I tried to mimic Doppler effect by adjusting the pitch of a base sound depending on relative velocity. I also took into account the size difference so that big circles do have a lower sound
Amazing 🤩🤩🤩🤩🤩🤩🤩
Hit each other damnit!
Do you have this code somewhere? I’ve been wanting to make something similar.
How did you deals with the fading tails? When I try implement something similar I get lots of lag.
One way that takes constant time regardless of the number of bodies is to plot the tails to a texture that doesn't clear between frames and subtract 1 from each RGB channel per frame or 1 from the alpha channel if you are using a 32 bit texture. This will cause the tails to fade to black (or transparent) over time. Then for the image displayed for the frame use a copy of that texture from and draw the large dot representing the body and display that, generating this new each frame.
There are other methods but this one is really cool because you can have a million particles tracing and merging and not have to keep re-render any state info about the past.
@@zamadatix It’s not really constant for the amount of bodies. It has to draw one dot for every body onto the texture, so it’s O(n) instead of O(1). It is however constant regarding how long the trail is, as you’re not actually doing more work for longer trails which is nice
mesmerising
How could you make a trail light please?
Is this done by set orbits? Doesn't look like a gravity calculation
Just 1 center gravity. The bodies don't attract each other.
Can you make a universe simulator.
Make tutorials for your videos. You will have serious traffic!
This really isn't that complicated lmao... a literal junior high level physics class will give you all you need to recreate this. If you need to know how to program this, then you should be creating hello world programs using some basic programming tutorials.
@@MechanicalMooCow Thanks for replying!
I know this is rather easy. But there is stuff like Ant Colony Optimization and some other other cool videos I have seen on your channel which I and quite a few others may like to replicate
@@theahmedmustafa agreed with the more complex videos.
You may enjoy the channel Sebastian Lague and his latest video: X-iSQQgOd1A
@@MechanicalMooCow He's the one who sent me here :p
@@MechanicalMooCow we like this chanel this is why we came here ...🥸🥸
How's possible that it doesn't collide?
It is the consequence of a bug I found totally by accident :)

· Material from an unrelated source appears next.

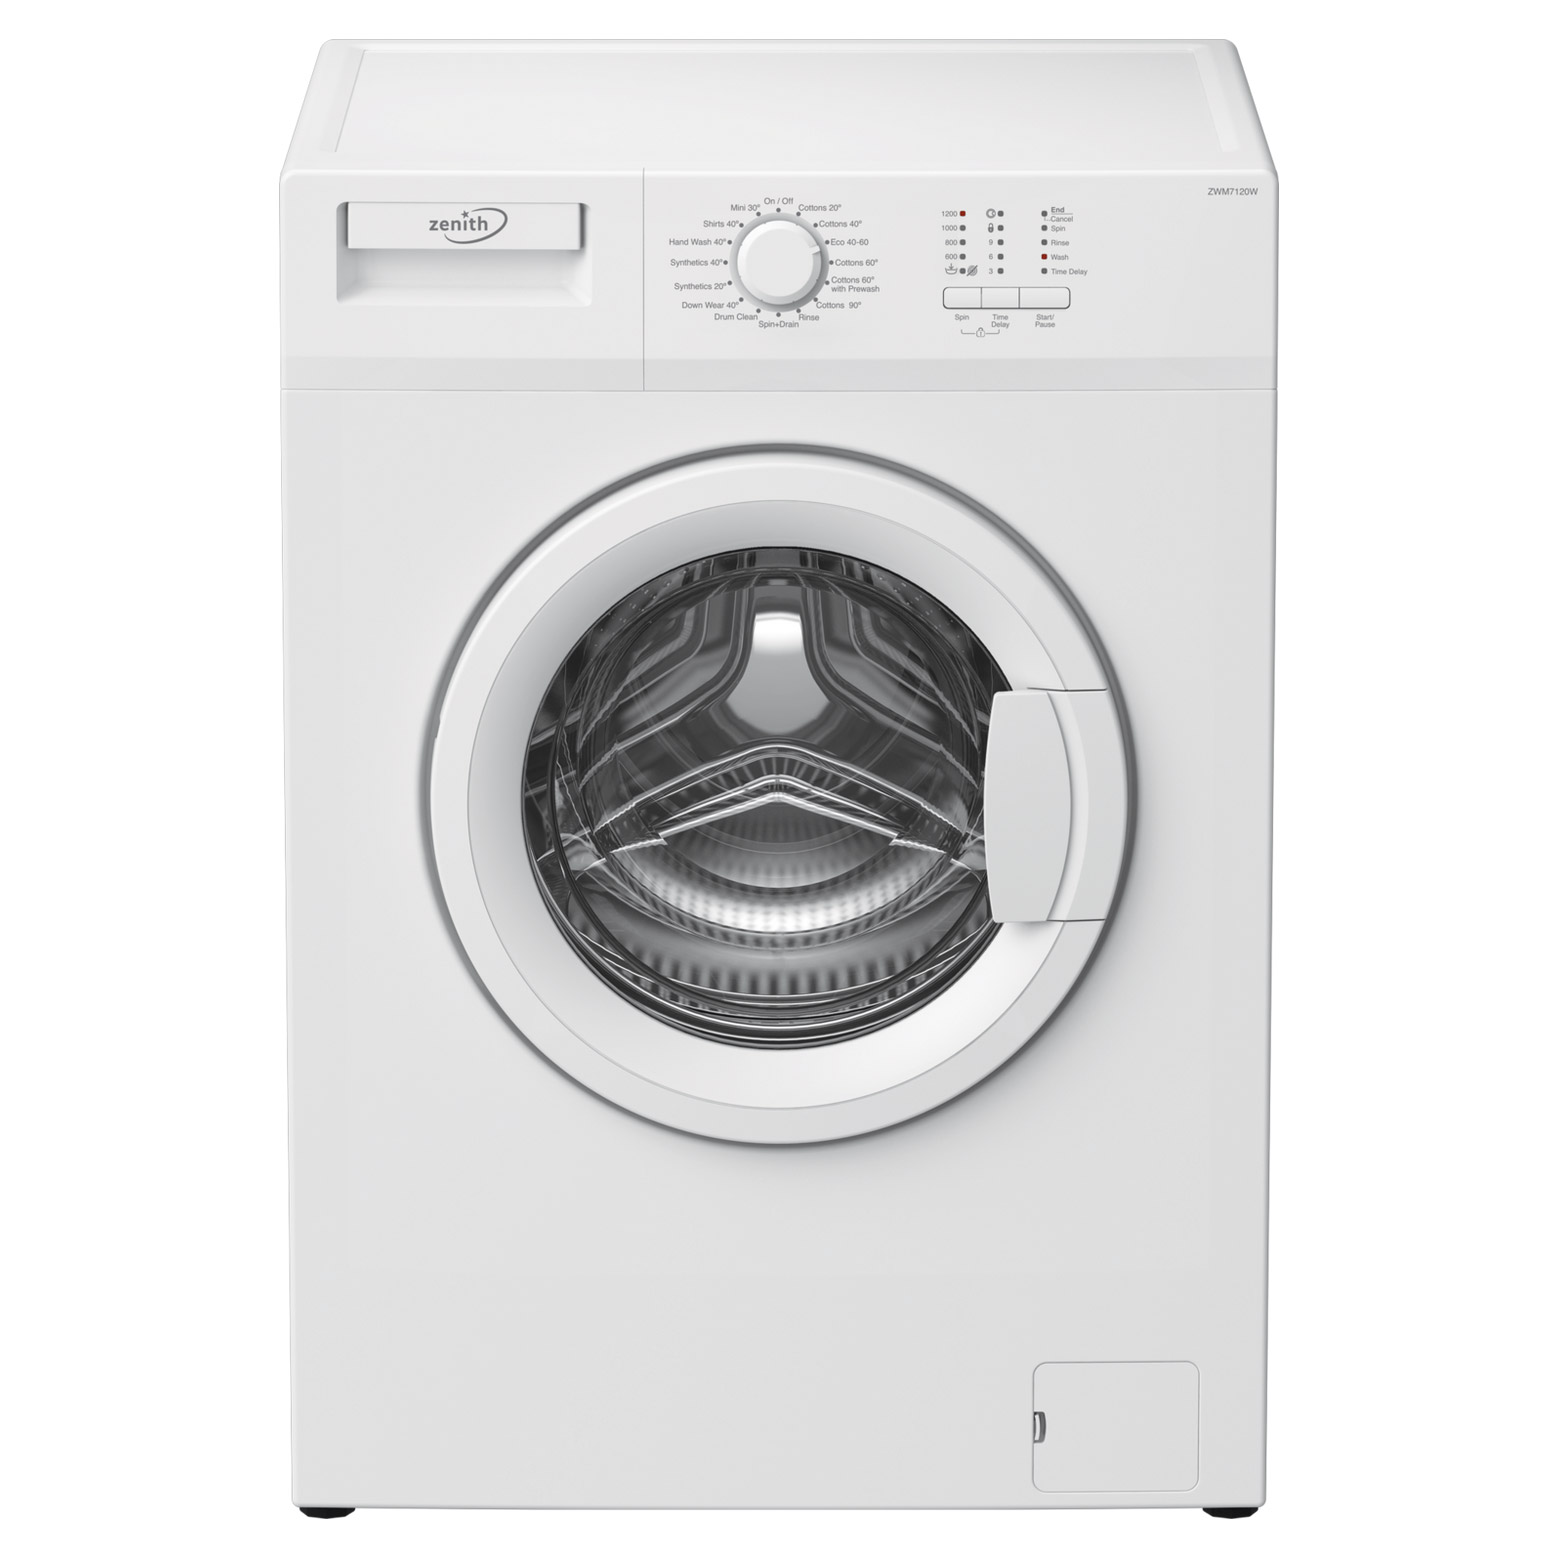 Photos - Washing Machine ZENITH ZWM7120W  in White 1200rpm 7Kg D Rated

Balls were supposed to have collision but he forgot updating the speed and that converge to this
@@pwouik9784 Thank you for this perfect explanation
@@PezzzasWork so it retains kinetic energy? well you have some unstoppable forces now :D
@@PezzzasWork I just now saw the "Nice Bug" video and I immediately had in mind something like that. I think it could actually be useful to advance theories in astronomy. It will be cool to see more videos revolved around that concept.
gpu temp 💀
u could make some effect with this
allright, let me see if i got it right,:
this simulation solved a situation where the asteroids will never collide again?
its a quantum sorter
next generation stuff
whats with the sine wave in the background lmao
Looks like most of them (if not all) are traveling in pairs. I guess going alone isn't stable state here or something.

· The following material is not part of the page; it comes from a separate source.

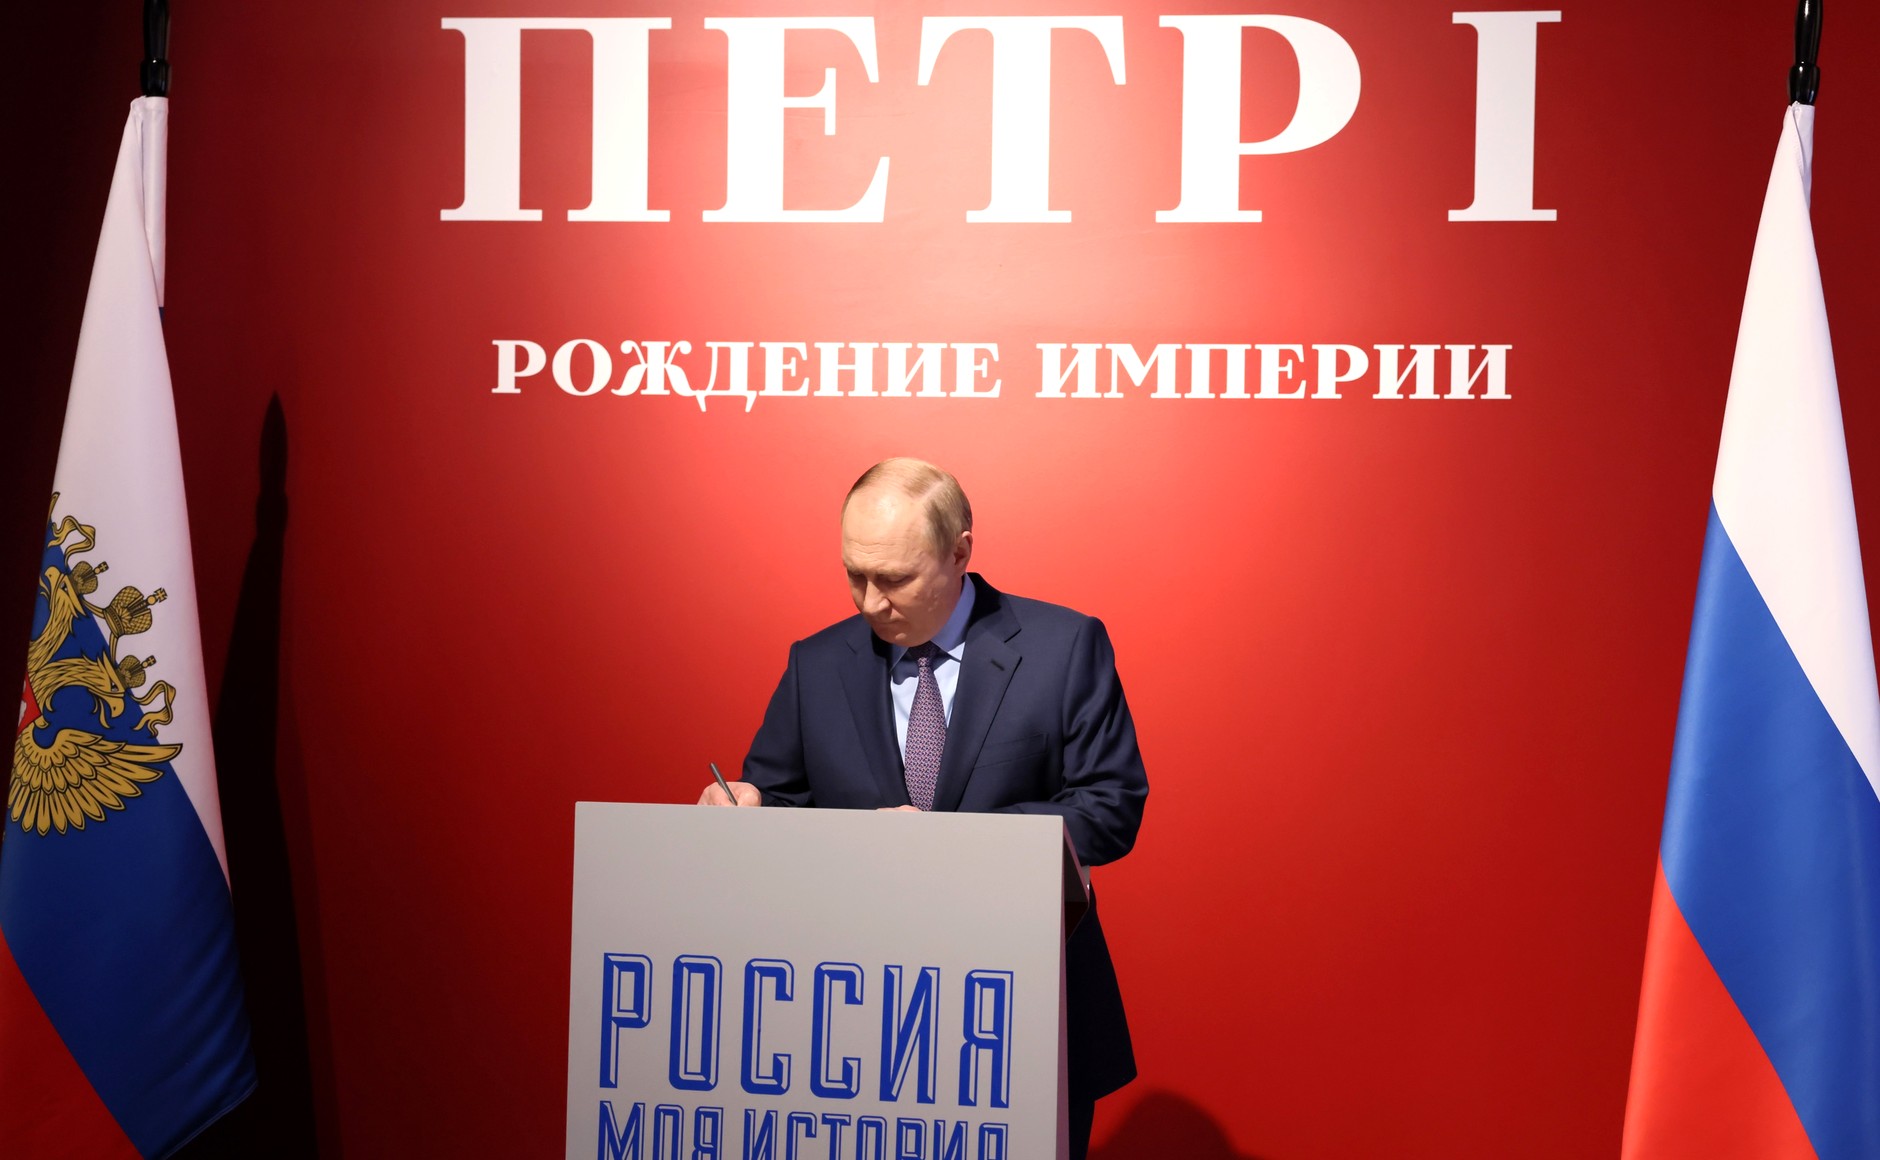 Putyin először beszélt nyíltan területszerzésről

I think there are many travelling one behind another because when he ran this originally, there would have been collisions, and they then get 'bumped' into a path that doesn't have collisions over time. You're seeing the paths with no collisions, and it's probably a given that there will be a few on that same path, and ones that are behind one another because the ones in front will have deflected others.
How do they never collide!!!???
When they collide, the orbit is offset ( and the offset orbit has a possibility of not colliding ), and when they do not collide, the orbit stays ( which has no chance of colliding ).
So it’s essentially natural selection.
You just put a bunch of asteroids everywhere, and after some time you get this.
There is a video titled ‘nice bug’ on his channel, which shows more of these
@@U20E0 nice thank you!
how tf did you zoom into the exact one i was watching
I guess that he put the drawing's origin to the current position of that object.